Written by Kunal Sawarkar & Jade Zhou

This is the first in a three part series. Part 2 will focus on how Watson Knowledge Studio helps empower subject matter experts with self-service domain-aware entity extraction capabilities. It discusses how Watson Knowledge Studio helps empower subject matter experts with self-service domain-aware entity extraction capabilities. Part 3 will also discusses how data scientists can upend their game with sophisticated but efficient handling of NLP issues — while exploiting the integration of Watson Discovery with Jupyter Notebooks.

The Entity Problem

Identifying entities in unstructured text can be challenging. A piece of text might contain a company, a person, location, or it may be further complicated by references that are specific to a particular domain. For example, a company name may be a vendor, supplier or a broker in the context of a given piece of text. The text, based on who sent it or referring to whom an action mentioned, can tell us what relationship one entity shares with another. Further still, a single entity may appear in different forms but still have the same intended meaning by the user.

Let us start tackling this problem through a real-life email example. We need to understand the content and context of the email so as to extract the relevant entities and then take some action(s). Company names might be easy to extract if they follow a pattern — for example, a Bank might begin with the letter “A”. In reality, people might refer to this entity slightly differently such as BOA, BOFA which are more common. However, less common representations may appear like BNKA. So, is it possible to train a model which will recognize all variations and then automatically route emails to the person(s) responsible for it? What’s more, the emails given may be for a particular intent, but can we recognize such relationships and intent and then take appropriate actions?

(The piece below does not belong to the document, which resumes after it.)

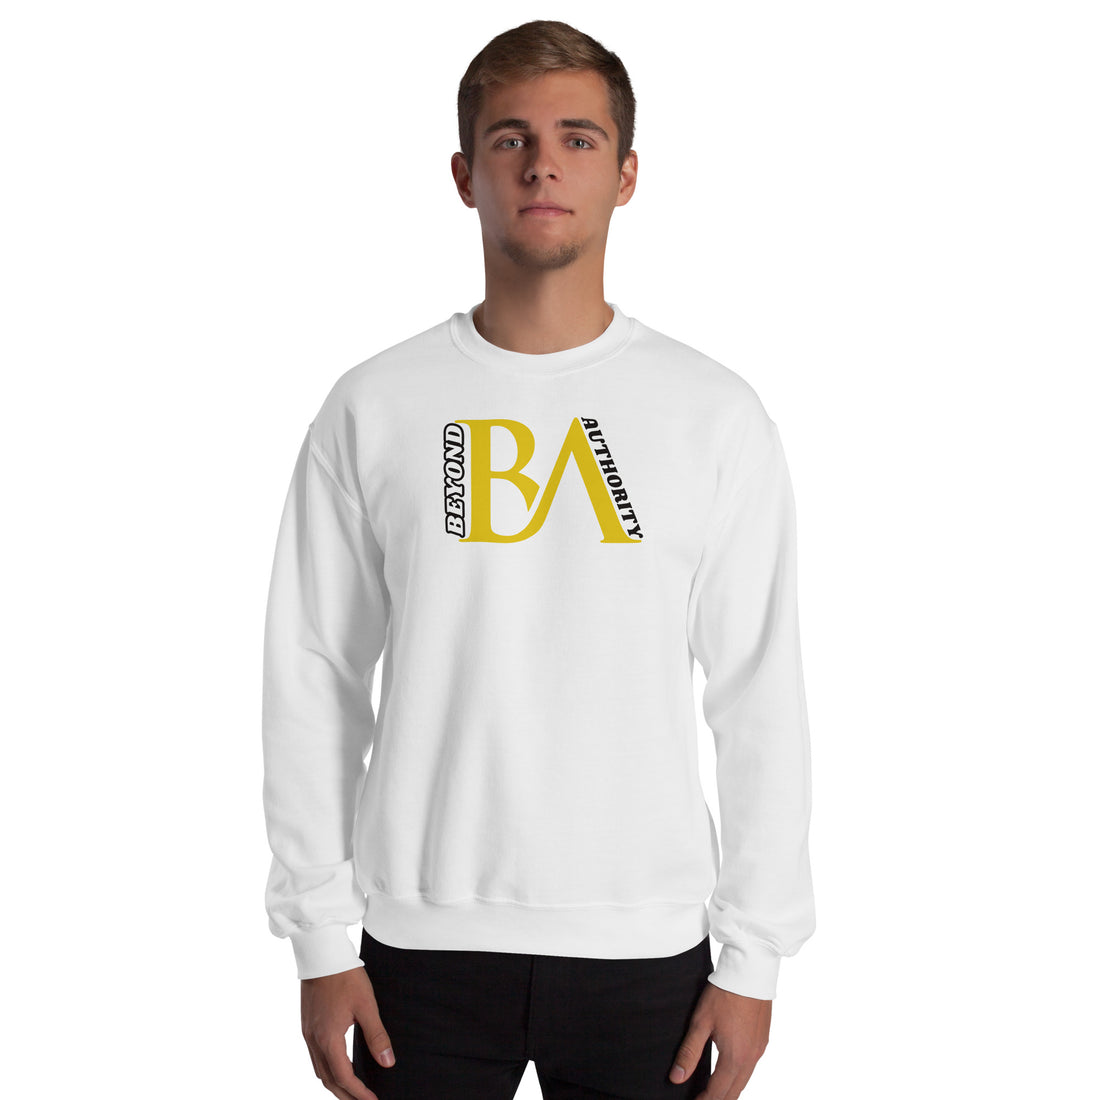 Unisex Premium Sweatshirt | Premium Sweatshirt | Beyond Authority
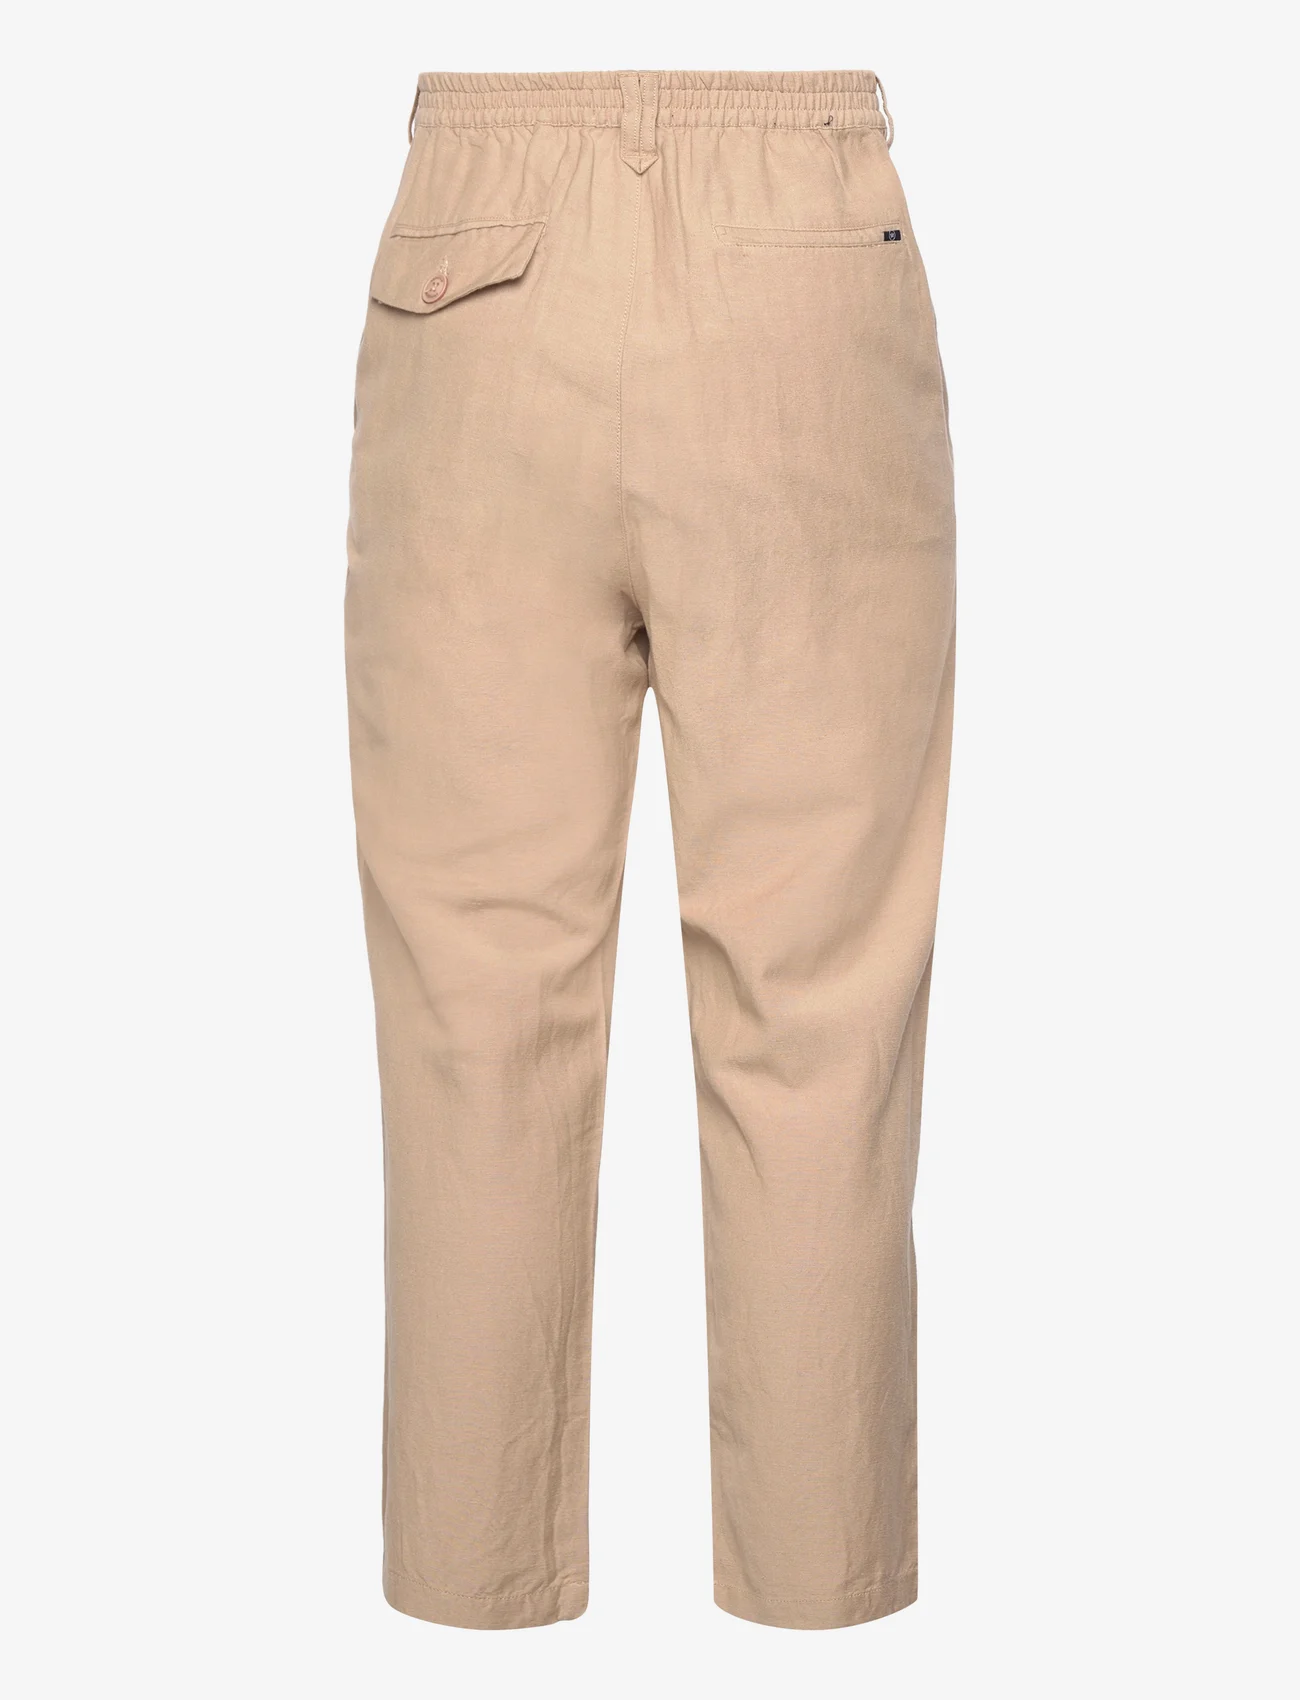 Kronstadt - Mason Linen pants - linen trousers - sand - 1

How can one solve all these Natural Language Understanding problems? Coding a dedicated NLP solution in python might be one option if you’re an experienced data scientist — but that doesn’t help a business analyst that cannot or does not want to code. Analysts tend to be domain experts — not data scientists. The head of a business unit may want to quickly know if there is value in a particular data set — and then extract it before investing too many resources. It’s a bit like mining for gold. If you get the location wrong you will waste a lot of time and effort digging.

How can business analysts and domain experts interact with data scientists on such NLP problems more easily and efficiently? How can we use knowledge and entity extraction algorithms, and transfer that learning to a model or a set of models?

Watson Discovery can help.

Please note: entity extraction is not the only function that Watson Discovery can perform, but to familiarize readers with the tool we will start with a simpler use case.

Why Discovery? Because “Speed is the New Currency”

The value of Watson Discovery is not just that it can build entity models. Data scientists can do that by coding in python.Watson Discovery enables business users, SME’s, analyst and anyone not trained in python coding to efficiently and accurately extract value from their data. Data scientists, can accelerate their time to value using pre-trained Natural Language Understanding (NLU) models and APIs. Models can be further enhanced through Watson Studio, be integrated with open source (NLTK, Scipy) or custom machine learning models using jupyter notebooks.

Think of this step-by-step guide as rungs on a ladder, that progress the reader in addressing many of the complexities associated with entity recognition problems.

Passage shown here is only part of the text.